» **Collected data**
____
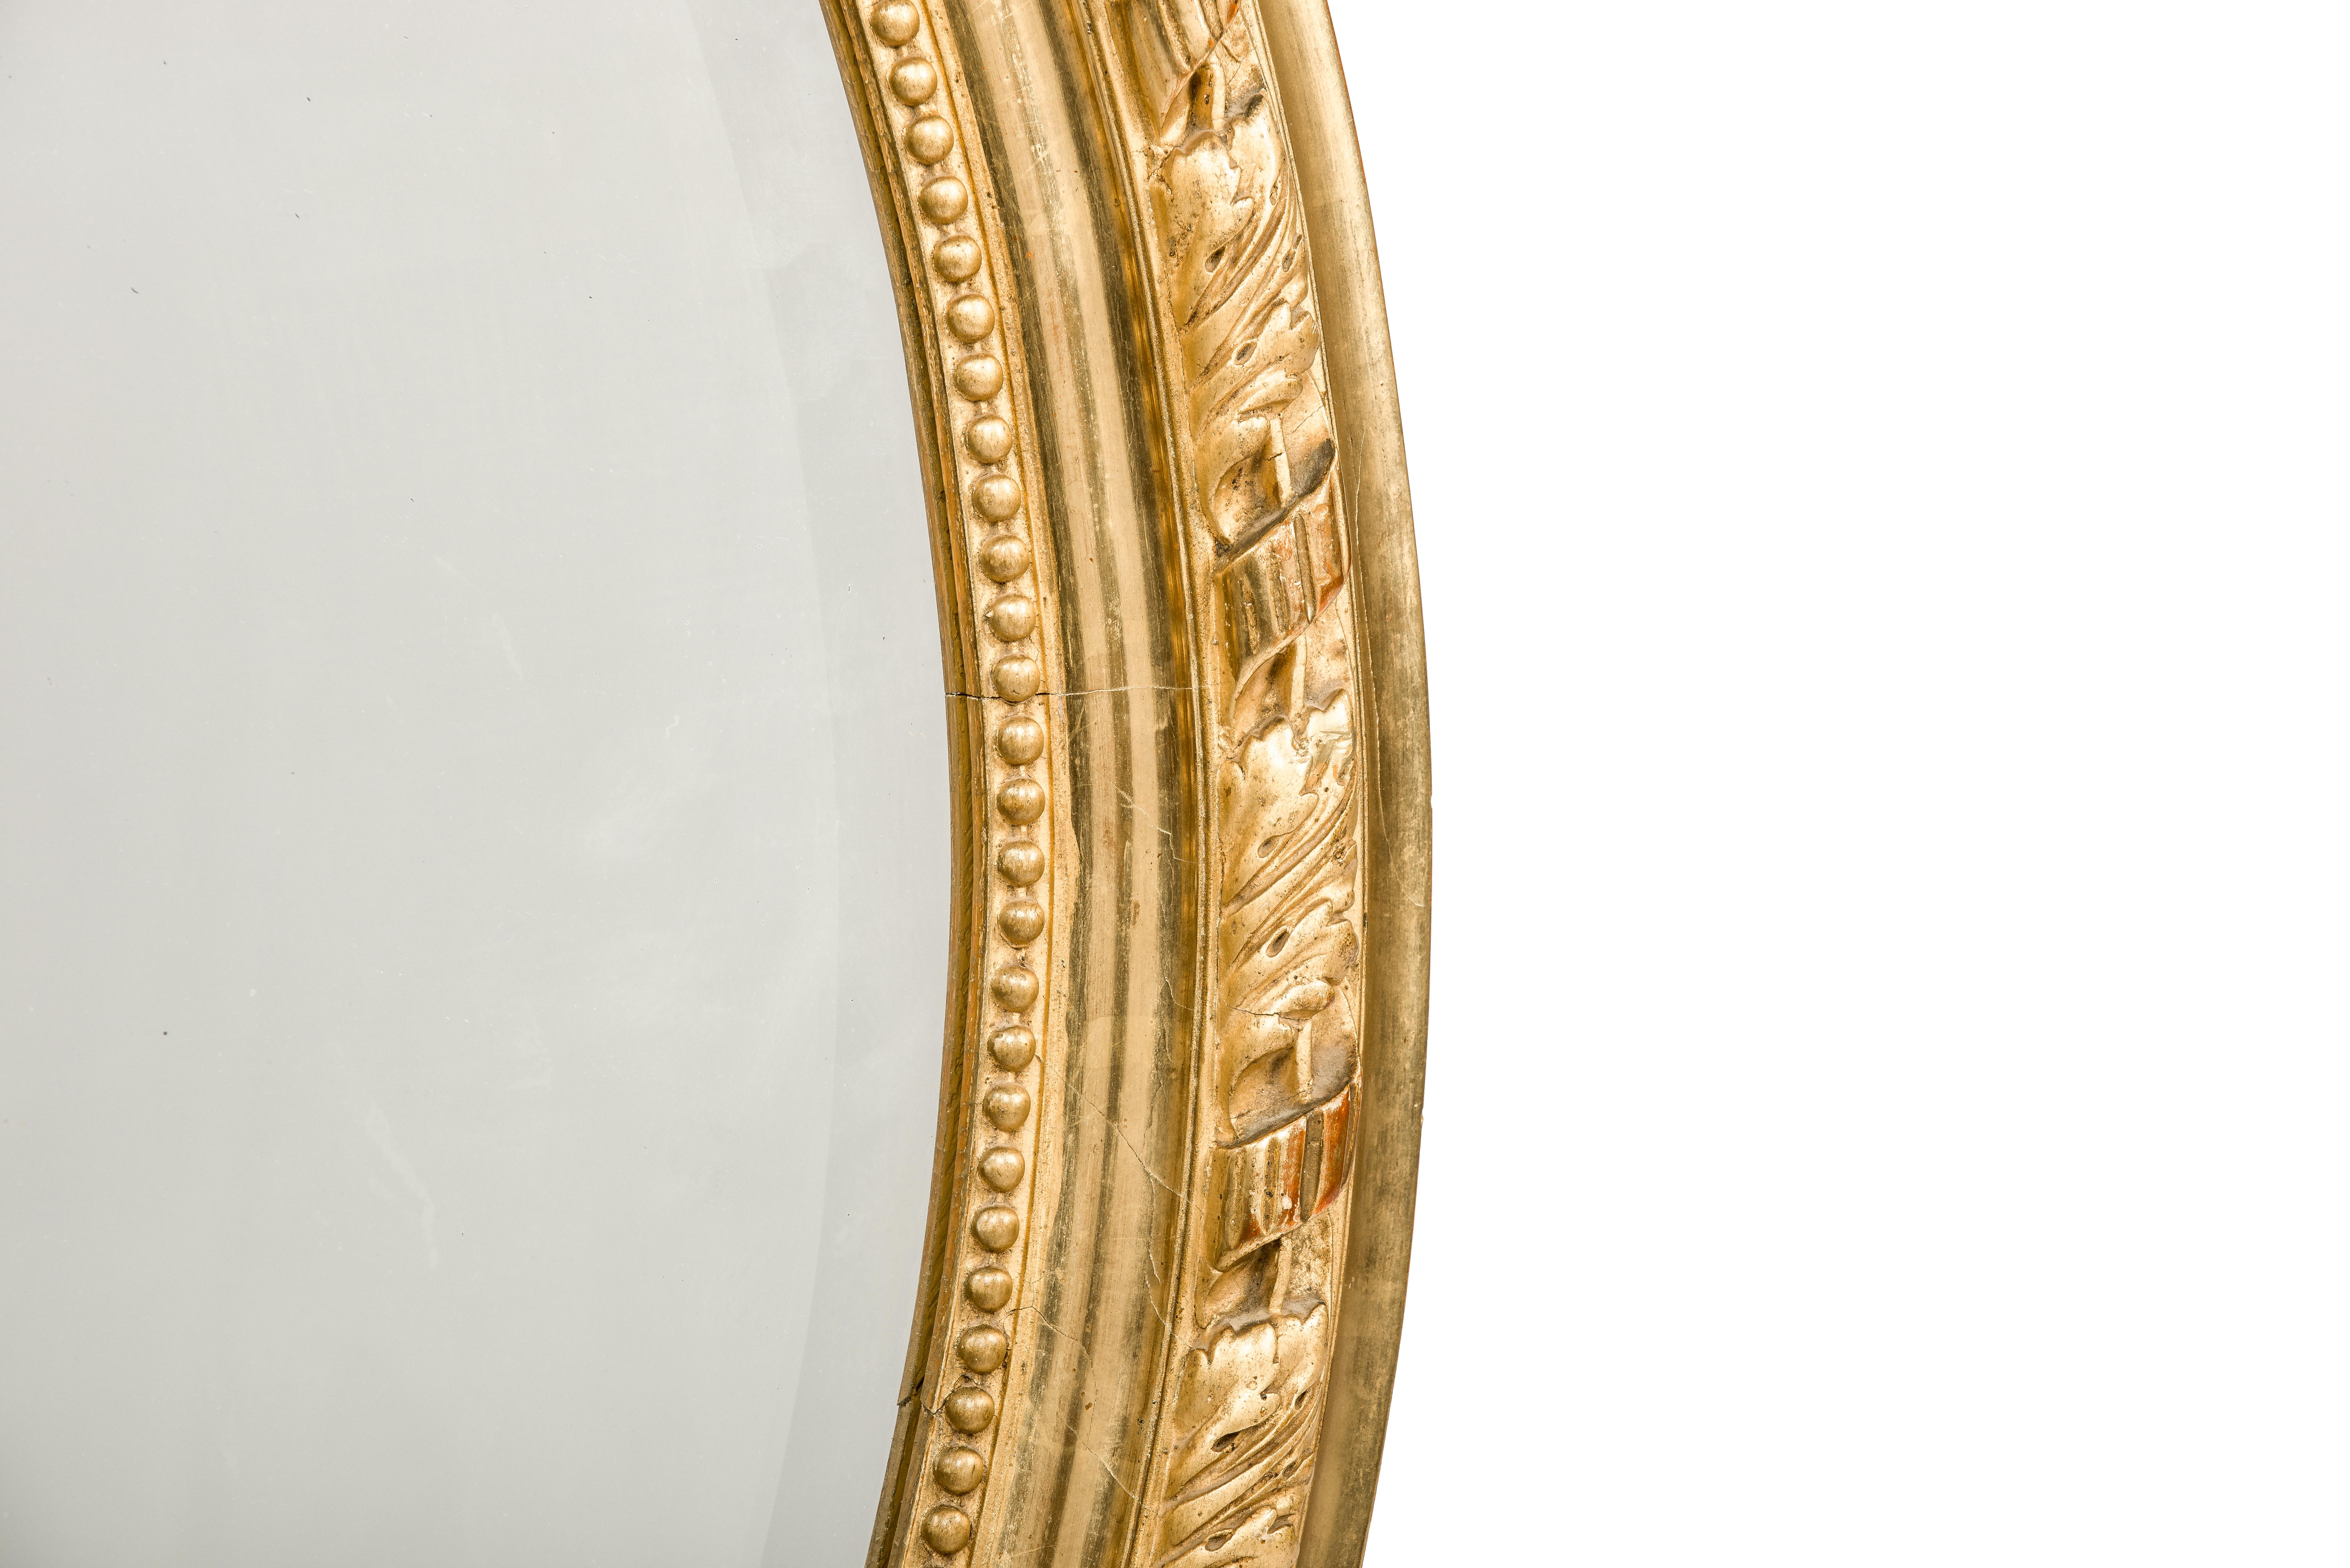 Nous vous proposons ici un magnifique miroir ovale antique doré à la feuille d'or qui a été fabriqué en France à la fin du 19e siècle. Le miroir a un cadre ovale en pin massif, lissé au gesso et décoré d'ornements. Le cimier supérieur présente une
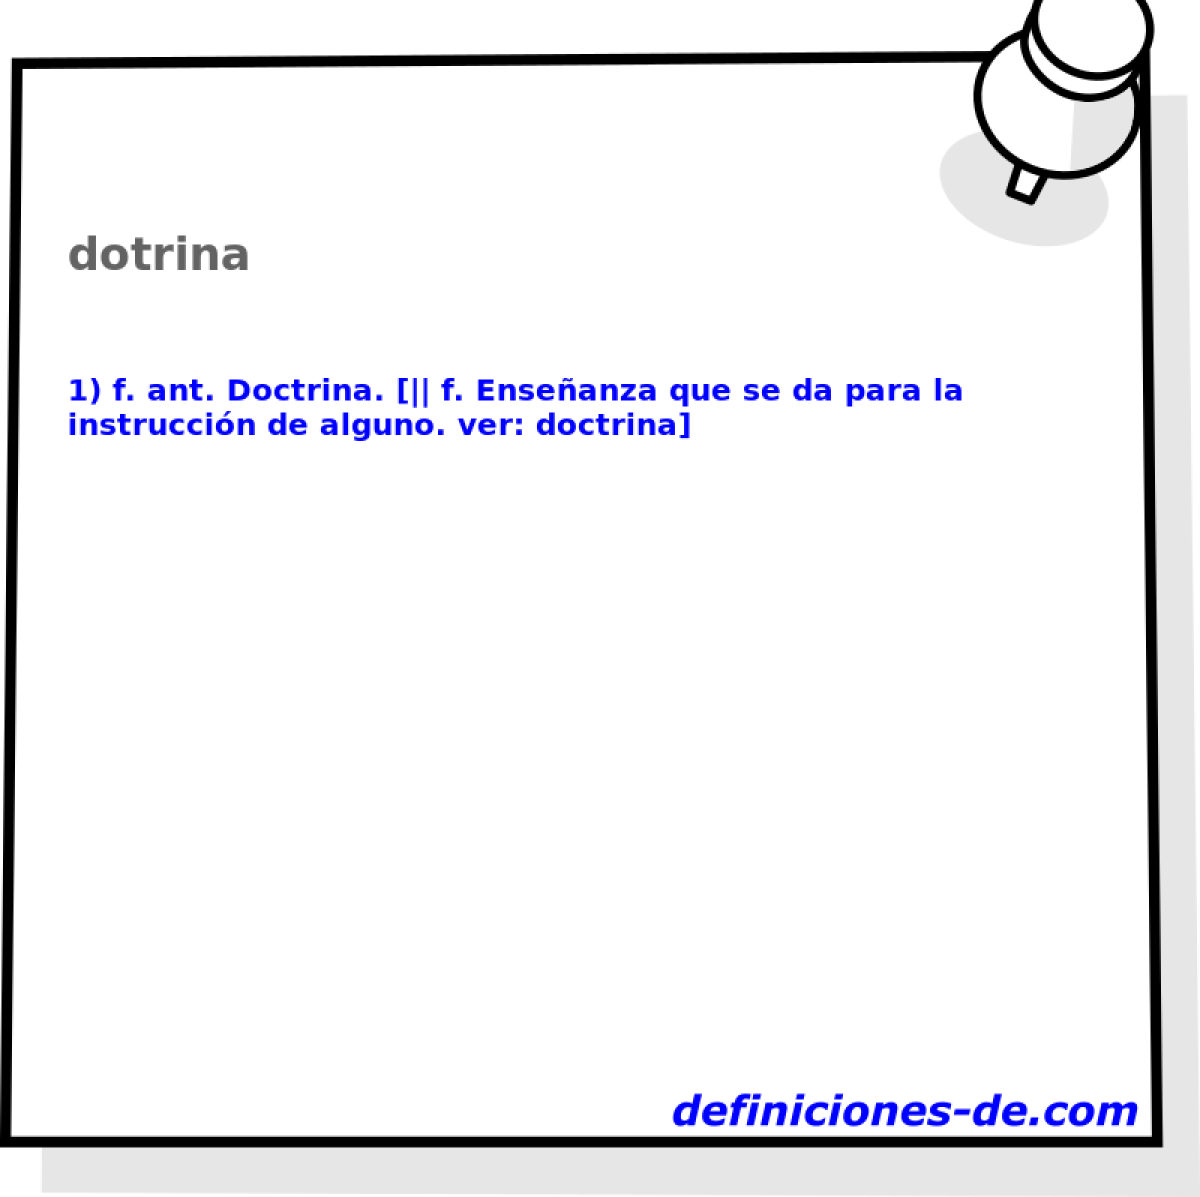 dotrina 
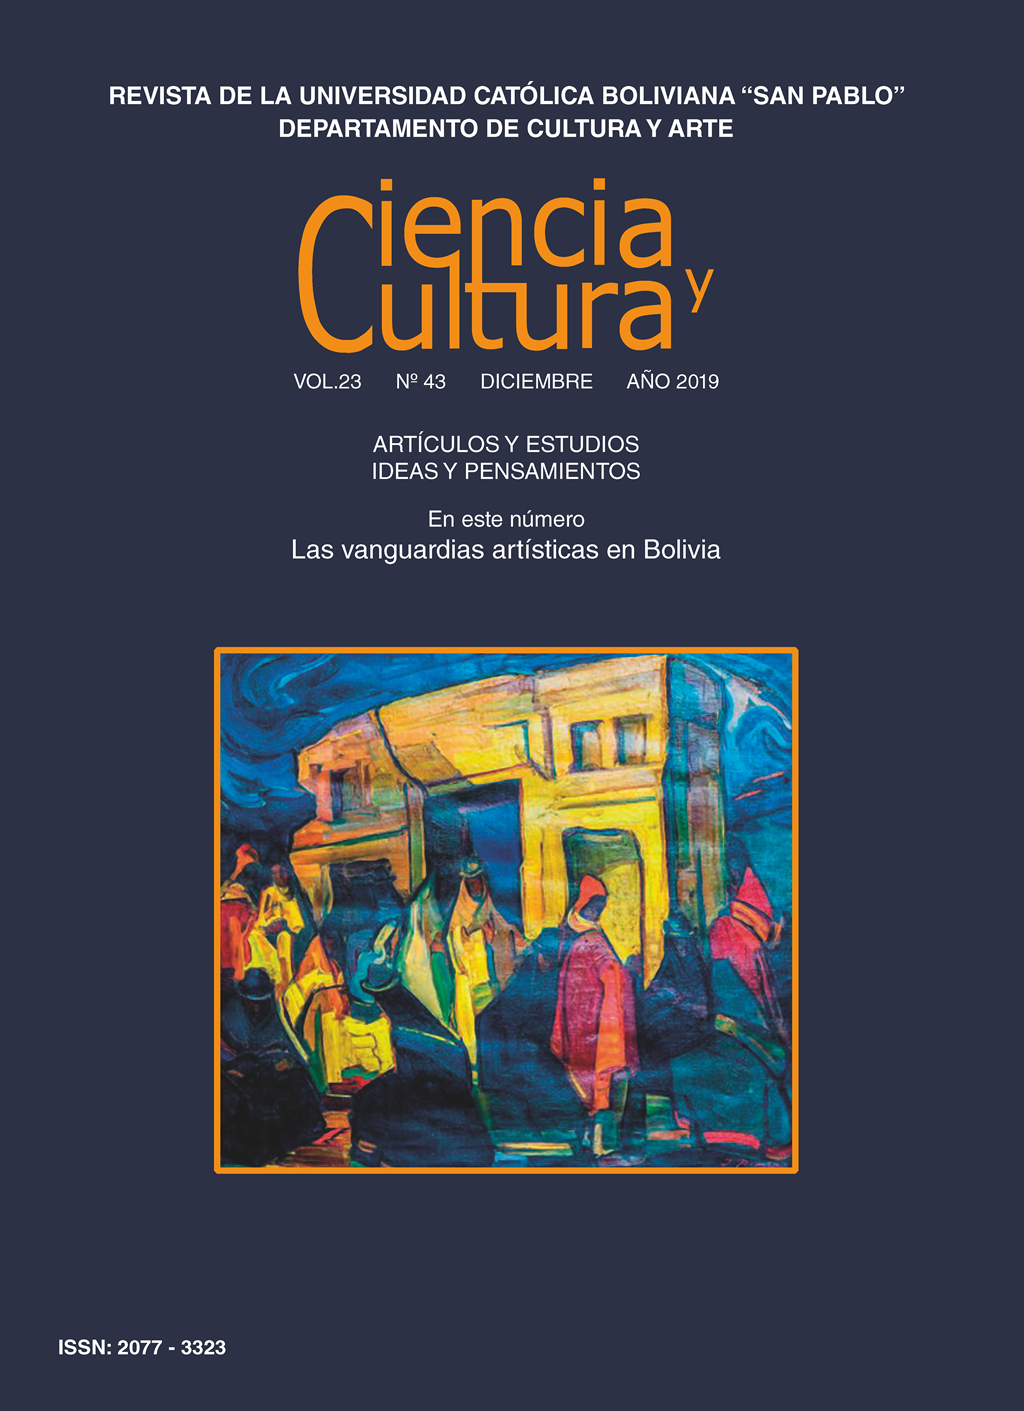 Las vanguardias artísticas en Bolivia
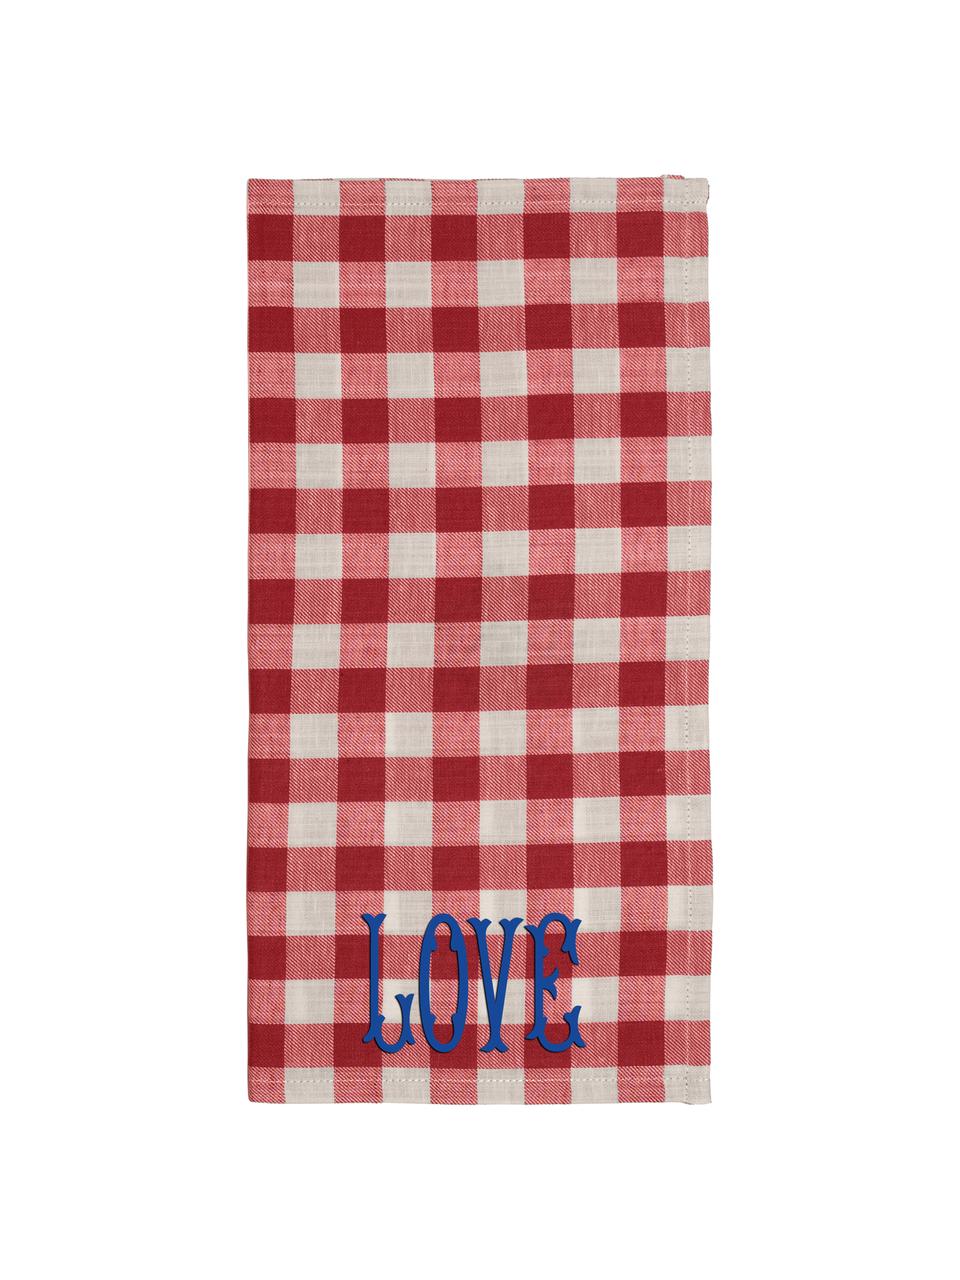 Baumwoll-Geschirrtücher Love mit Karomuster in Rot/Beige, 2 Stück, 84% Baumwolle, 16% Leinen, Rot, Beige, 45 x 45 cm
____
» **Problem**
Please transcribe the lines from the one containing "Las vanguardias artísticas en Bolivia" to the last line of the listing, both included, exactly and with nothing added, leaving every picture out.

» **Task result**
 Las vanguardias artísticas en Bolivia
 Baumwoll-Geschirrtücher Love mit Karomuster in Rot/Beige, 2 Stück, 84% Baumwolle, 16% Leinen, Rot, Beige, 45 x 45 cm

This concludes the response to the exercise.